Hi There,
We are provided with three pem SSL files to connect to Google MySQL and we are using MySQL Java Connector (mysql-connector-j-8.1.0.jar) to connect using JDBC connections. We're using PySPARK code on an Amazon EMR. The below is code we are using to connect to Google MySQL:
# Configure JDBC connection properties
jdbc_url = "jdbc:mysql://11.11.111.111:3306/db_name?useSSL=true"
connection_properties = {
"user": "user",
"password": "pwd",
"driver": "com.mysql.cj.jdbc.Driver",
"sslCa": "server-ca.pem", # Path to the SSL CA certificate
"sslCert": "client-cert.pem", # Path to the client certificate
"sslKey": "client-key.pem", # Path to the client private key
"useSSL": "true",
"sslMode": "VERIFY_CA",
"verifyServerCertificate": "true"
}
# Read data from MySQL table into a DataFrame
jdbc_df = spark.read.jdbc(url=jdbc_url, table="Session", properties=connection_properties)

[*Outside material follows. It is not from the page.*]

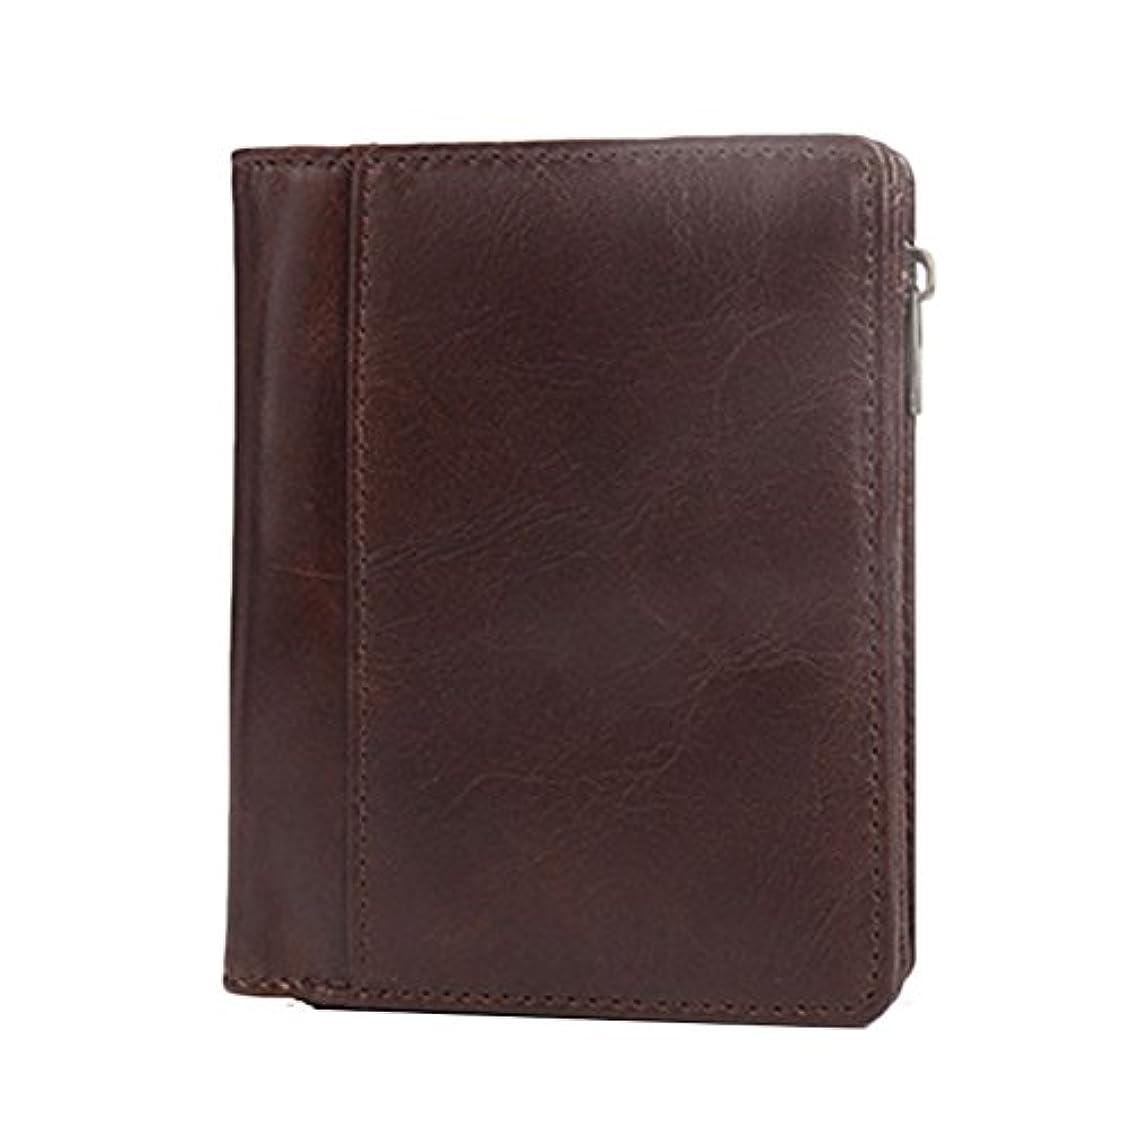 武器ネイティブマウンドZhhlaixing 高級財布 Mens Soft Cowhide Leather Wallet Fold Design Best Purse with Zipper Pocket

But we are getting the below error when running the above command:
>>> jdbc_df = spark.read.jdbc(url=jdbc_url, table="Session", properties=connection_properties)
Traceback (most recent call last):
File "<stdin>", line 1, in <module>
File "/usr/lib/spark/python/pyspark/sql/readwriter.py", line 716, in jdbc
return self._df(self._jreader.jdbc(url, table, jprop))
File "/usr/lib/spark/python/lib/py4j-0.10.9.5-src.zip/py4j/java_gateway.py", line 1322, in __call__
File "/usr/lib/spark/python/pyspark/sql/utils.py", line 190, in deco
return f(*a, **kw)
File "/usr/lib/spark/python/lib/py4j-0.10.9.5-src.zip/py4j/protocol.py", line 328, in get_return_value
py4j.protocol.Py4JJavaError: An error occurred while calling o76.jdbc.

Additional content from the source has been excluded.